Nadie lo merecía más que un pueblo que transformó un partido de fútbol entre dos equipos que no son precisamente los gigantes del continente, en el evento de trascendencia mundial que realmente fue. Nadie lo merecía más que quien pagó lo que no tenía para comprar su entrada y dejó lo que no debía para estar donde el corazón le mandaba. Nadie lo merecía más que quien se bancó un calor extremo y una helada lluvia torrencial con apenas unos minutos de diferencia. Nadie merecía levantarla más que quienes pasaron inverosímiles peripecias con el único deseo de estar presente en el momento en que la copa se acercara al cielo, aunque eso significara dejar que la eleven otros.

El fútbol, el destino y algunos otros factores que no es objetivo de estas líneas analizar, quisieron que el desenlace fuera distinto. Pero hoy no quedan dudas de que ese pueblo ganó su campeonato aunque la corona se haya ido a otra parte. El triunfo de cada integrante de ese pueblo fue hacer lo que hizo a pesar de todo, sabiendo que el dolor de no hacerlo hubiera sido infinitamente superior al que sintió cuando Dájome sentenció la historia en tiempo de descuento. Su victoria fue haber estado ahí como dignos embajadores de todos aquellos que (solamente en cuerpo) no se sumaron al traslado temporario de Santa Fe a otro país porque se quedaron en la patria propia para hacer fuerza a la distancia, por convicción, cábala o el motivo que fuera.

Ellos, que no iban a poder tocar la copa con las manos pero deseaban abrazarla con el corazón, tuvieron su gran conquista en la experiencia que los acompañará hasta el último de sus días.
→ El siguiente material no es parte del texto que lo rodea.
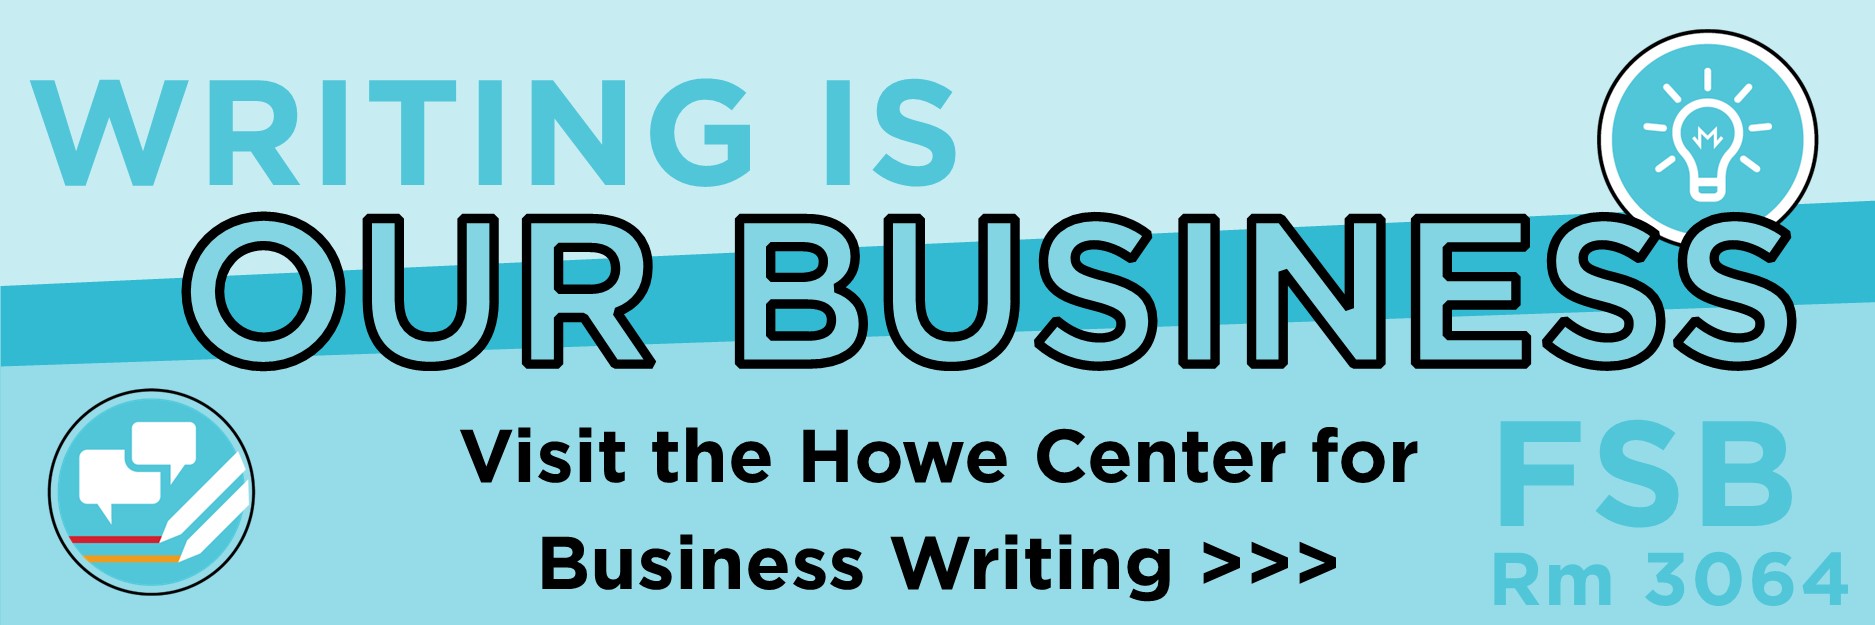 The Howe Center for Business Writing offers support to writers at the Farmer School of Business.

Y que recordarán cada vez que cuenten las horas que pasaron bajo el sol o la lluvia para retirar su entrada o la de alguien más, los kilómetros de cola aguardando para cruzar la frontera, las lágrimas disimuladas por el agua caída del cielo, el insulto al aire y el aplauso a pesar de la desgarradora desilusión.
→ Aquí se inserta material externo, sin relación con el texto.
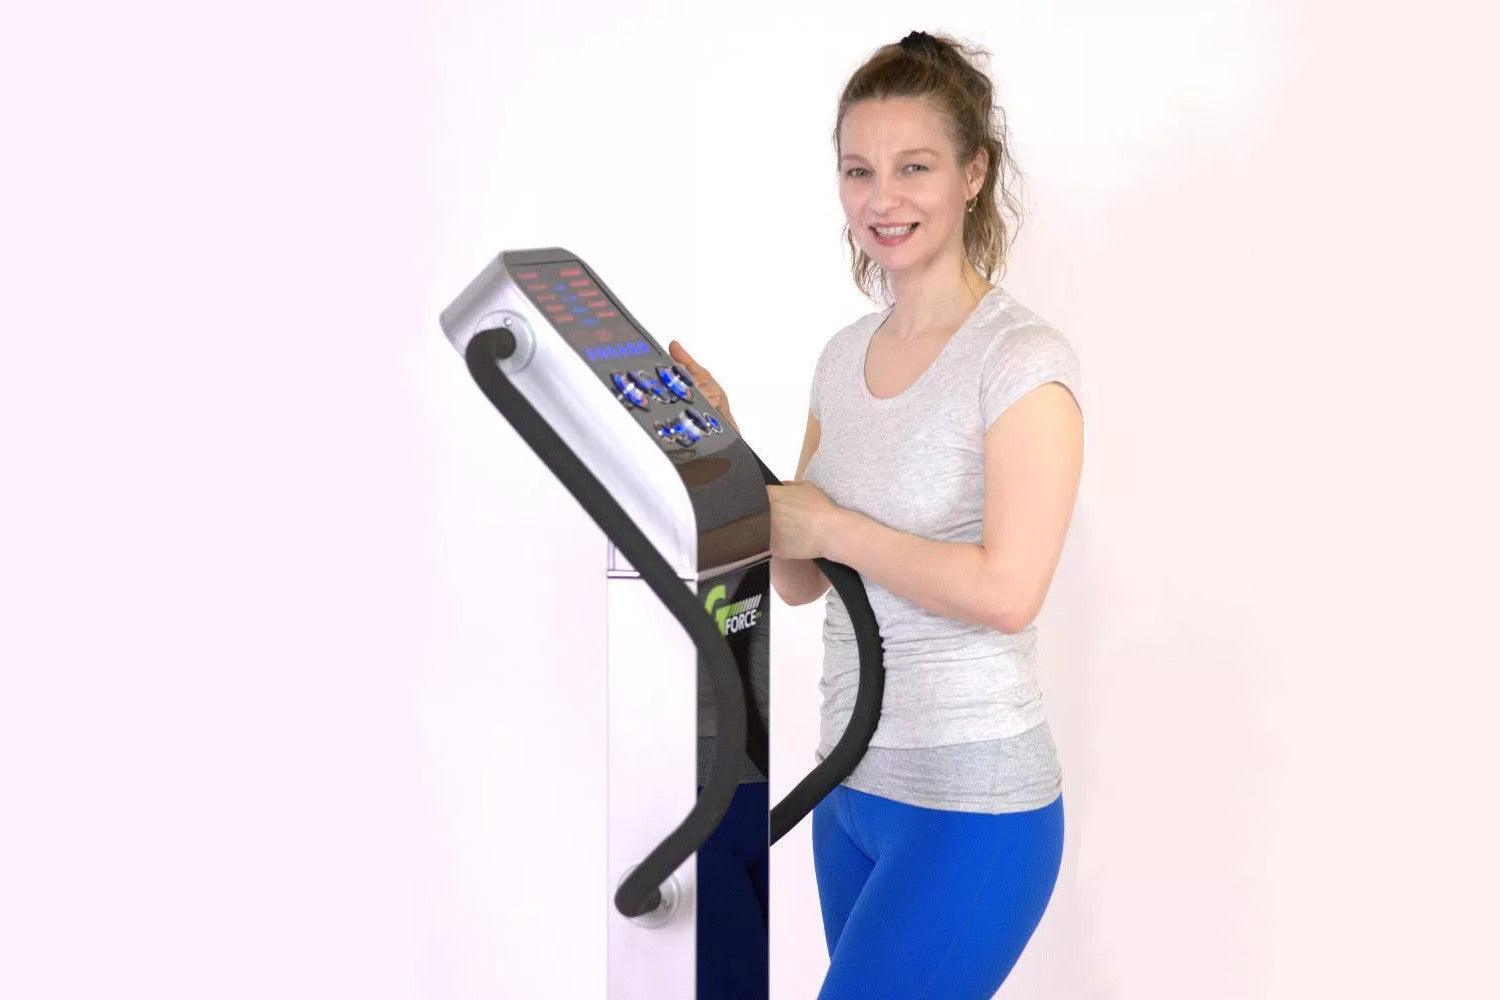 Whole Body Vibration Machine Research of Benefits - HEALTHandMED

Lo hicieron y lo volverían a hacer, aunque se hayan repetido —a veces mentalmente y otras a viva voz— “nunca más”, durante los casi 900 kilómetros que separan a la capital de Paraguay de la capital nacional de la pasión sabalera. Lo volverían a hacer aunque les anticiparan que Pellerano va a manejar el partido a su antojo, que Claus no va a parar el partido hasta después del gol de León y que el empuje del final no alcanzará para materializar el último milagro de Colón en esta Sudamericana 2019.

Lo harían y lo harán, porque si repitieron hasta el cansancio “nunca más” fue para intentar convencerse a ellos mismos de una mentira que se inventaron para mitigar su dolor pero que ni siquiera se creyeron por un instante. Más vale que lo harán, o mandarán a algún emisario, pero seguro que estarán. Y si no habría que preguntarle a los que estuvieron en Córdoba en el 93. ¿Cuántos tendrán el privilegio de aparecer —como partes indivisibles de un todo— en las fotos de los dos verdaderos hormigueros rojinegros que fueron aquel Chateau de Córdoba y esta Olla de Asunción? ¿Y cuántos tendrán el placer de volver a aparecer en la próxima, aunque se hayan jurado nunca más?

Por su puesto que lo harán, si su derrota no es fallar un pase, perder una marca, calcular mal un despeje o definir al cuerpo del arquero. Su derrota no es esa pero se hacen cargo igual y la sienten como propia, porque culpa de esa derrota no pueden disfrutar de la victoria que sí consiguieron, que fue por goleada récord y que puso a hablar a buena parte del globo futbolero. Su derrota no es esa, pero la asumen igual y se obligan a engañarse con ese falso “nunca más” cuando saben que el día que llegue una nueva oportunidad allí estarán, para pelearle de igual a igual a cualquiera y en cualquier cancha, y llevarse otro campeonato aunque el título después lo festeje el rival.

Lo hicieron y lo seguirán haciendo. Si es necesario volverán a llorar y volverán a levantar la cabeza para quebrantar ese juramento del “nunca más”. Porque se pueden bancar mil veces perder en la cancha, pero no soportarían abandonar ni una vez su partido. Sienten que ninguna estrella es más importante que todo lo que hicieron, hacen y seguirán haciendo con tal de estar ahí para acariciarla con el alma. Por eso se aguantarían toda la vida seguir siendo campeones sin corona. Alguien que se lo explique a los que dicen que la gente no gana campeonatos.